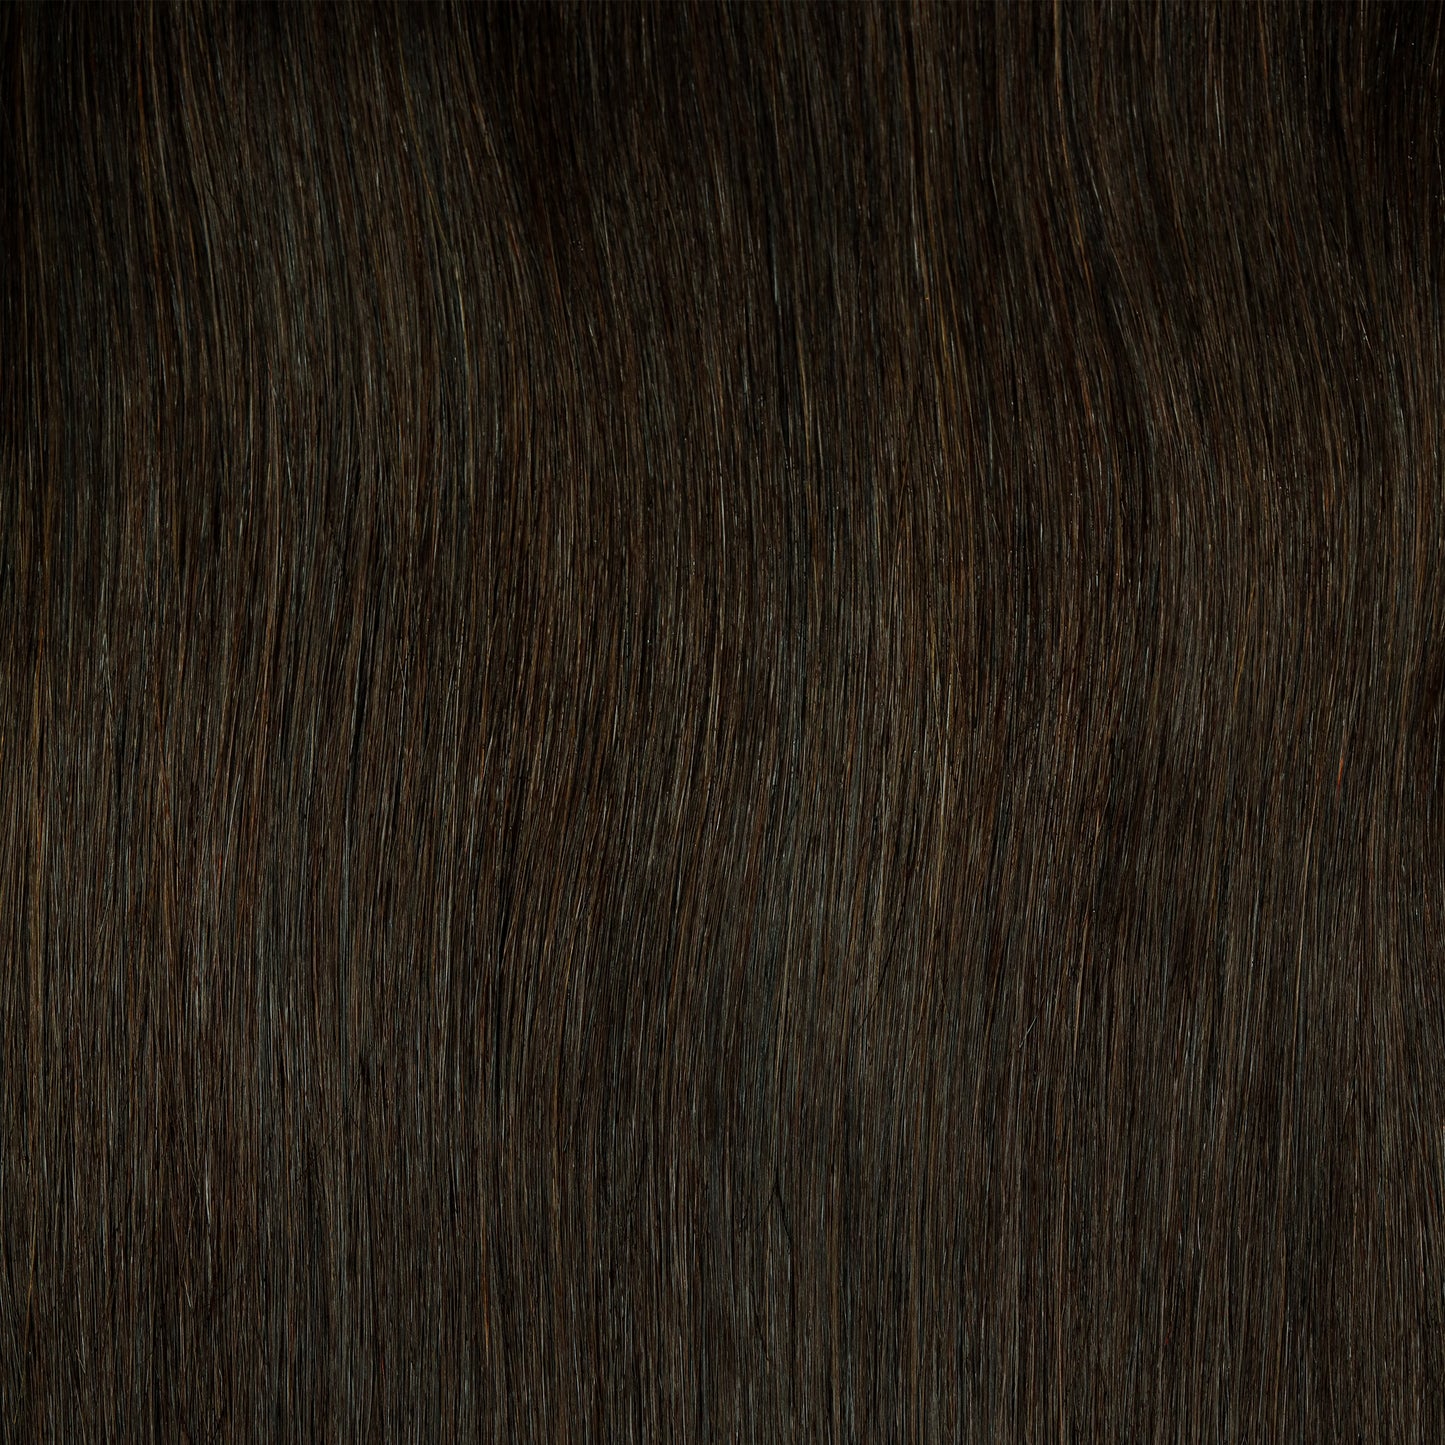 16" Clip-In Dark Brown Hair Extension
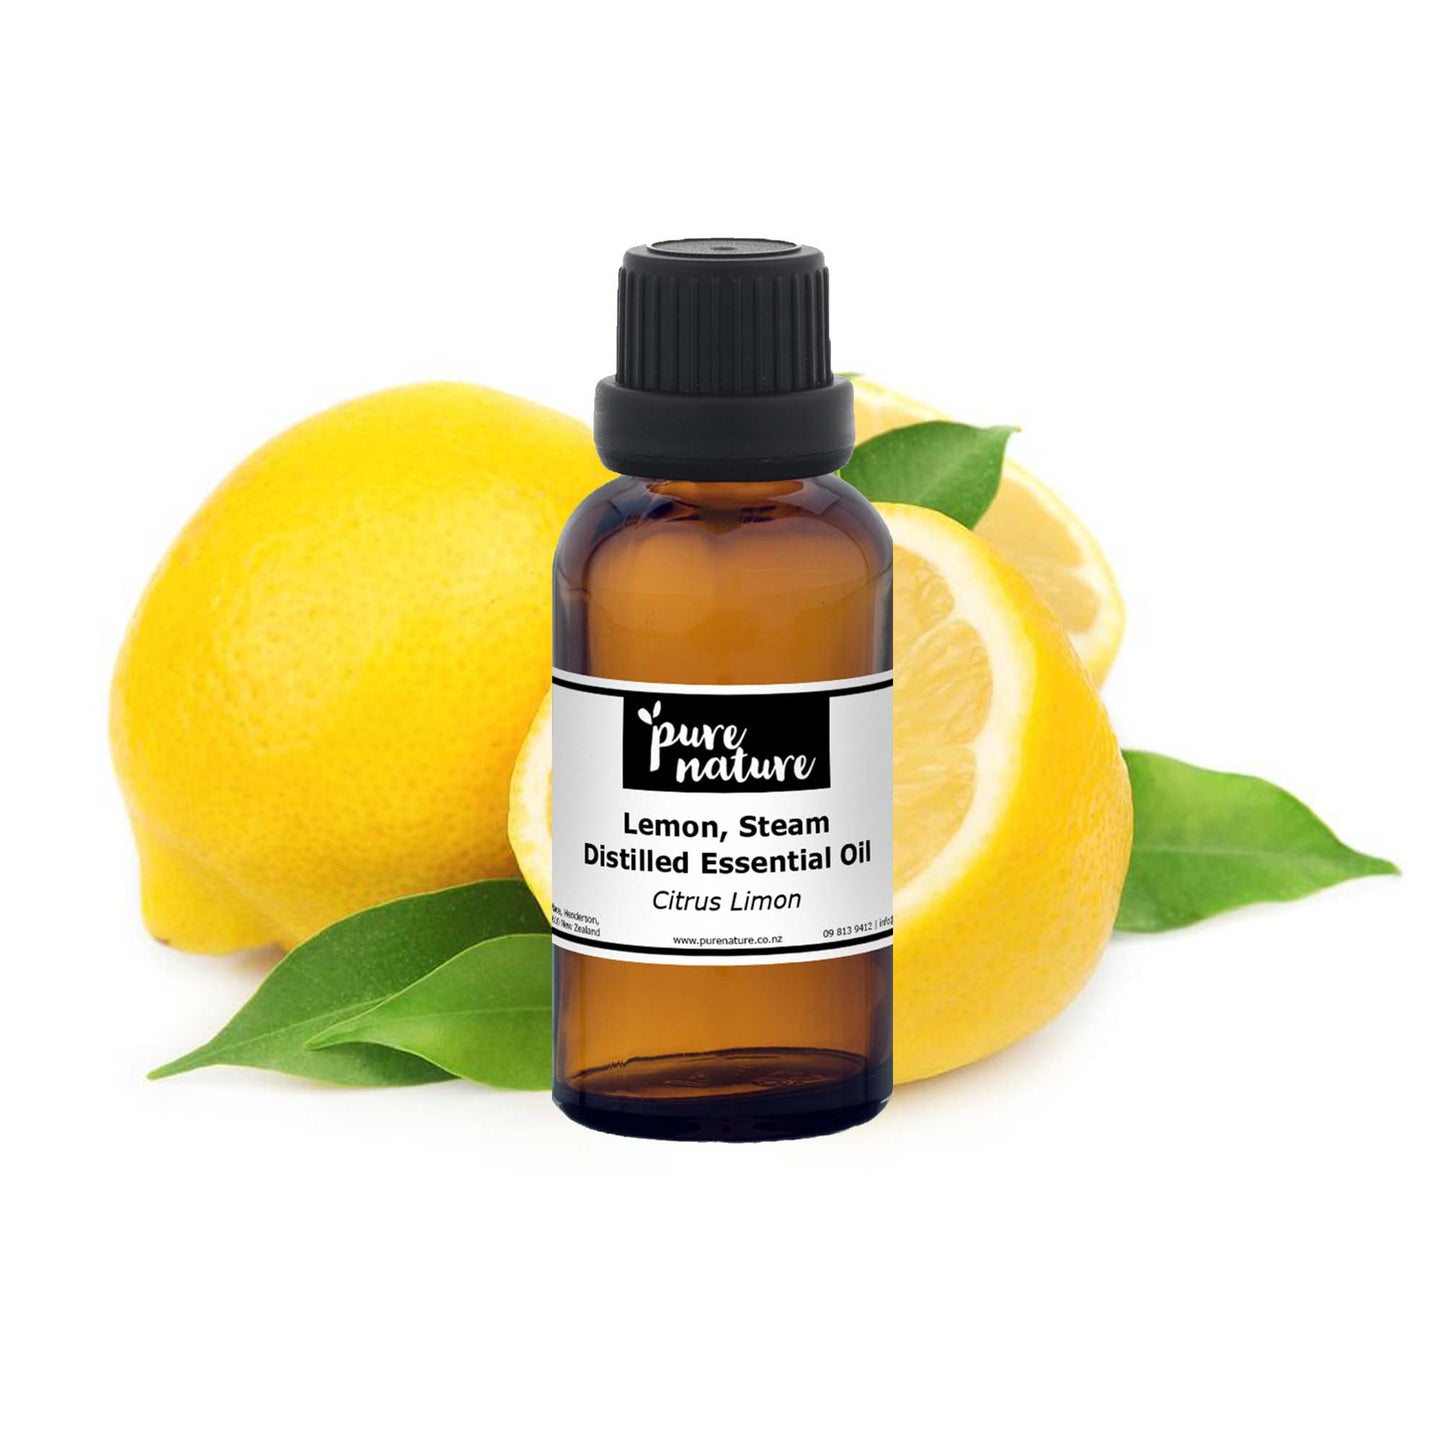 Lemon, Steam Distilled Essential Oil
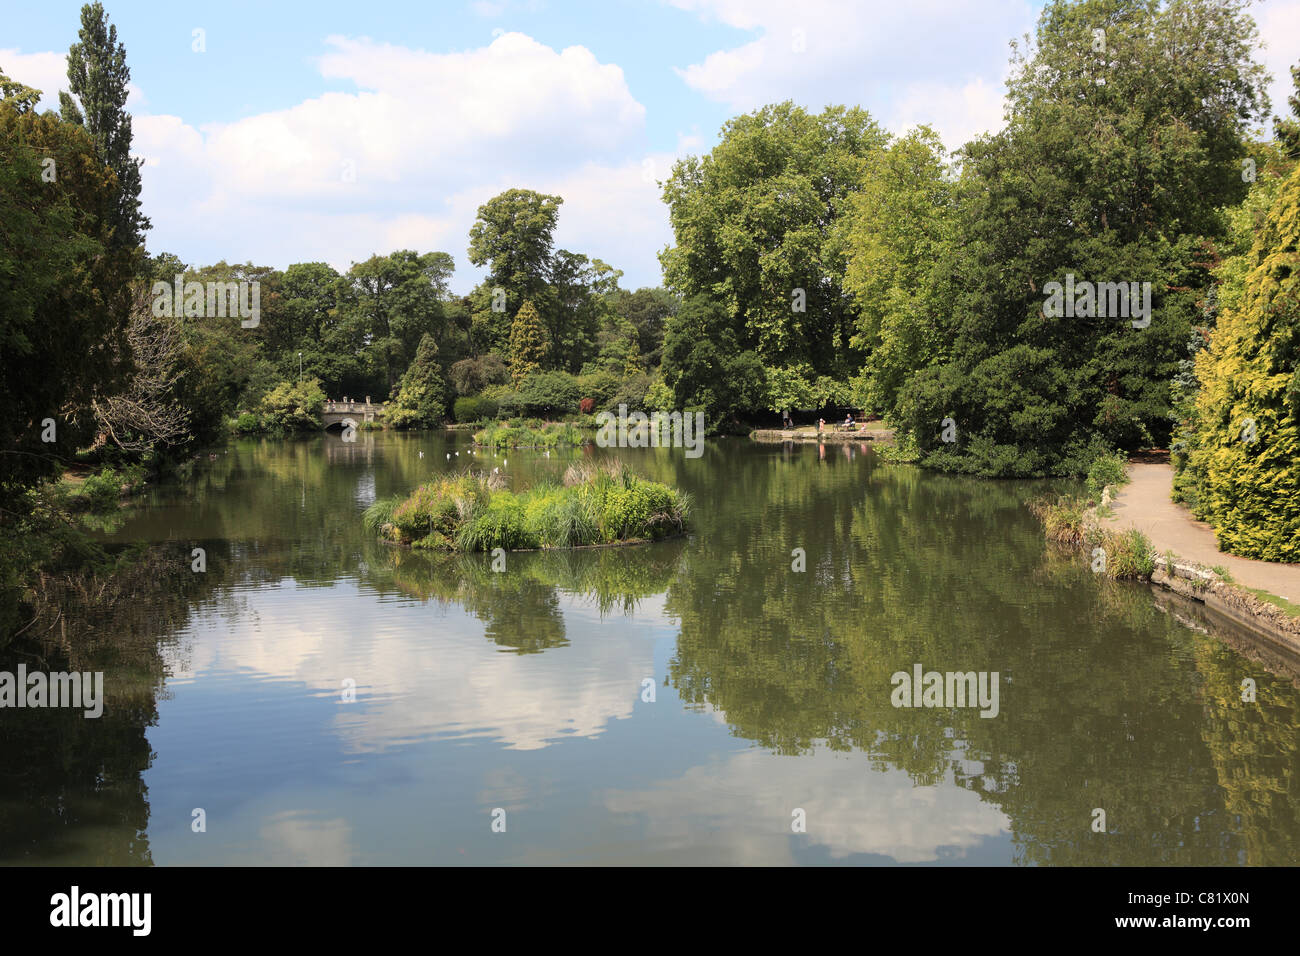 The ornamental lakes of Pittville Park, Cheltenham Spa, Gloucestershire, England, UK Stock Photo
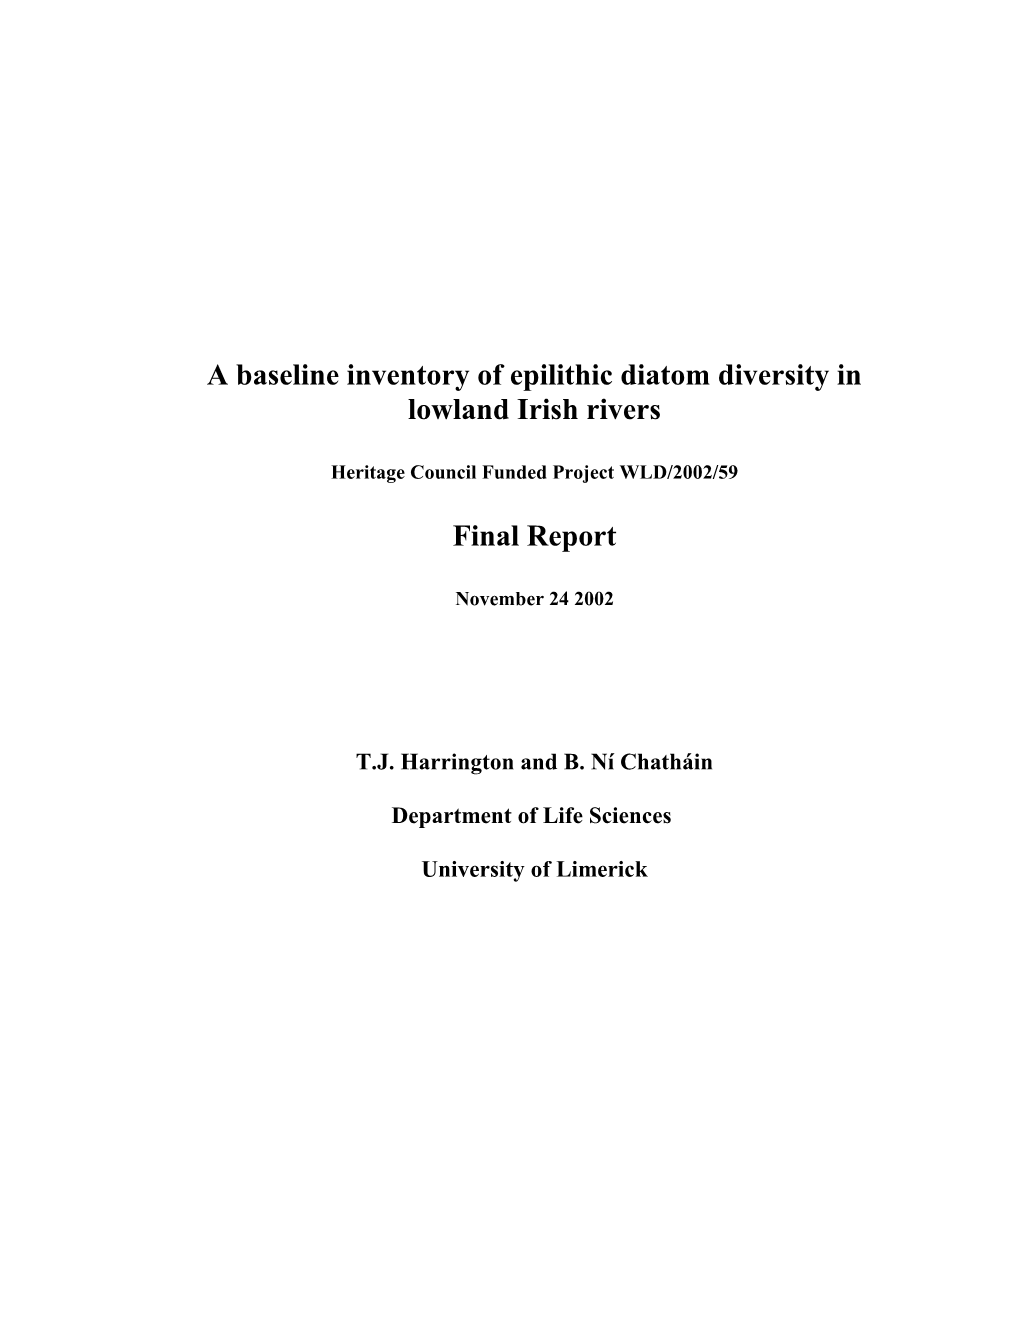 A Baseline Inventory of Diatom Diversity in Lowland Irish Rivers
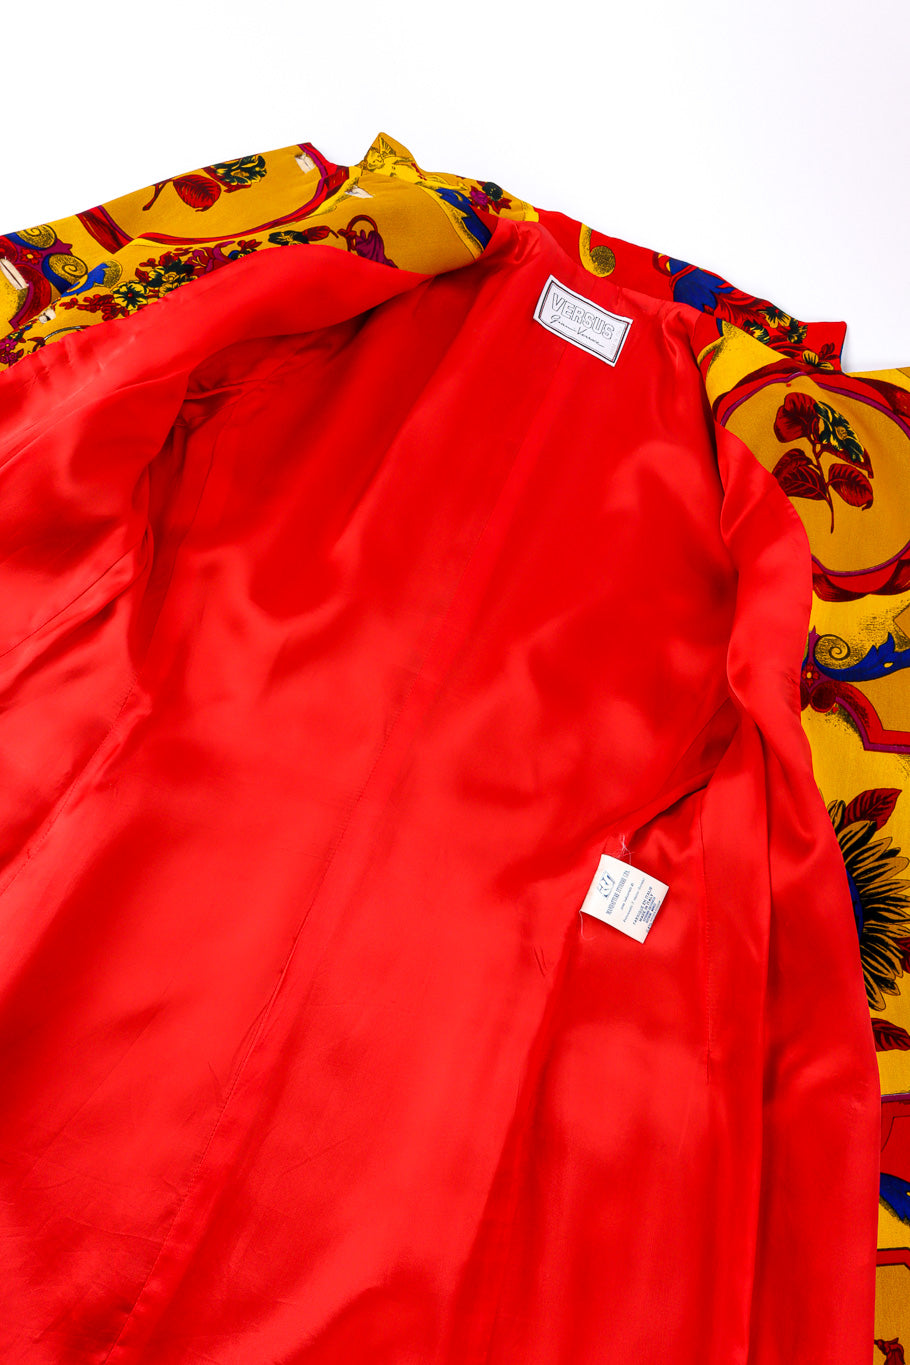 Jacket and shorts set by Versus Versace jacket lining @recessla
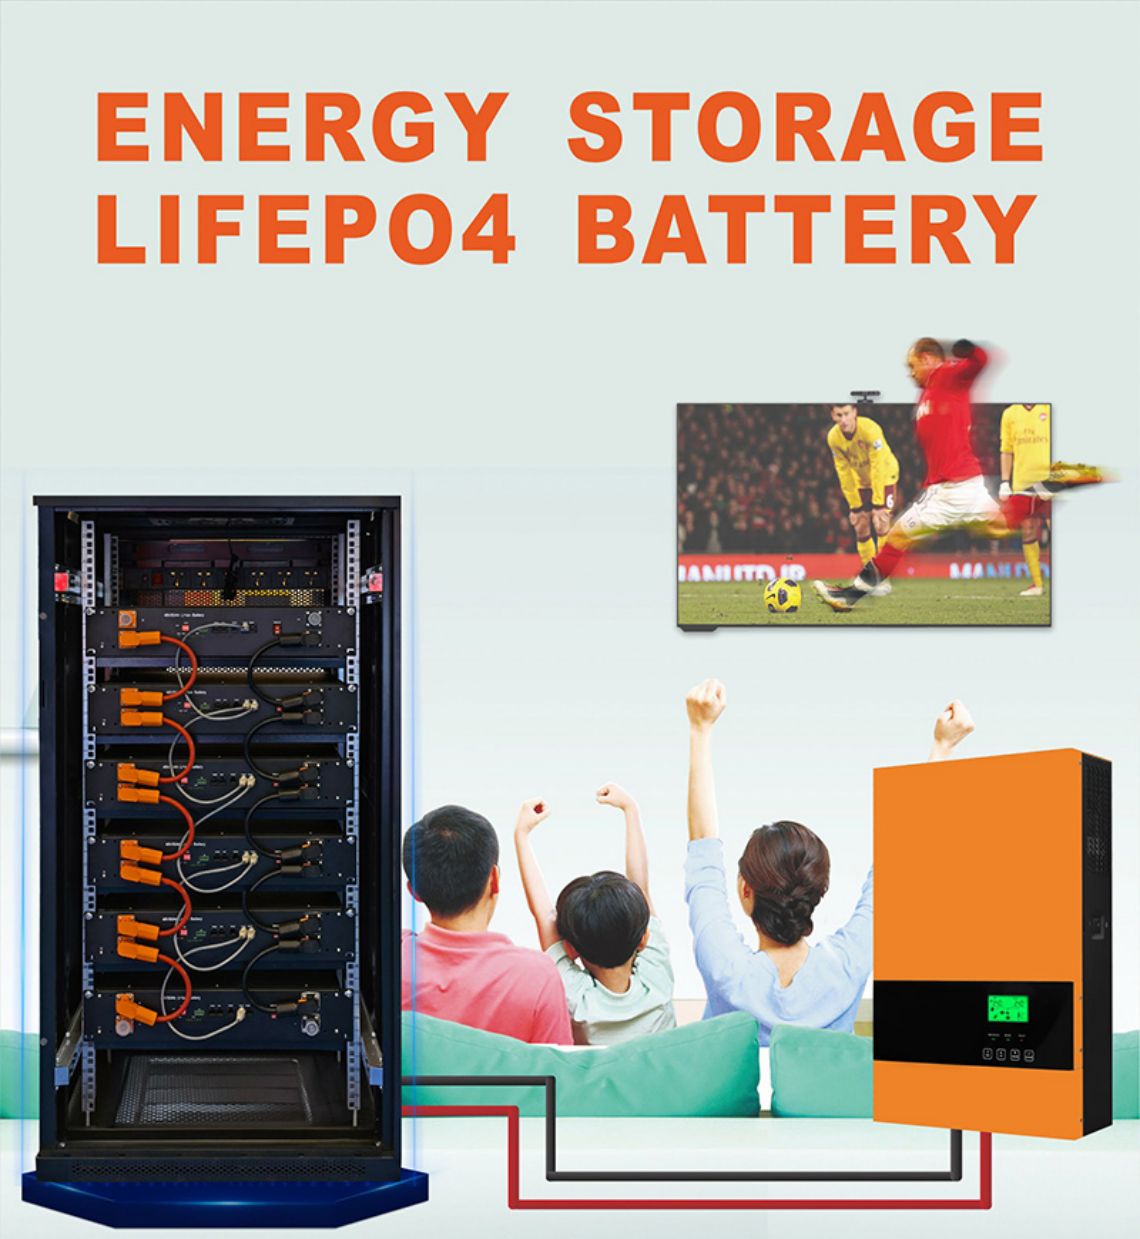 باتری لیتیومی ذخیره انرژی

#### Task to carry out:
Exact copy, pictures removed: set down the whole listing above.

#### Your response:
 16" Clip-In Dark Brown Hair Extension
 Lemon, Steam Distilled Essential Oil
 The ornamental lakes of Pittville Park, Cheltenham Spa, Gloucestershire, England, UK Stock Photo
 A Baseline Inventory of Diatom Diversity in Lowland Irish Rivers
 Jacket and shorts set by Versus Versace jacket lining @recessla
 باتری لیتیومی ذخیره انرژی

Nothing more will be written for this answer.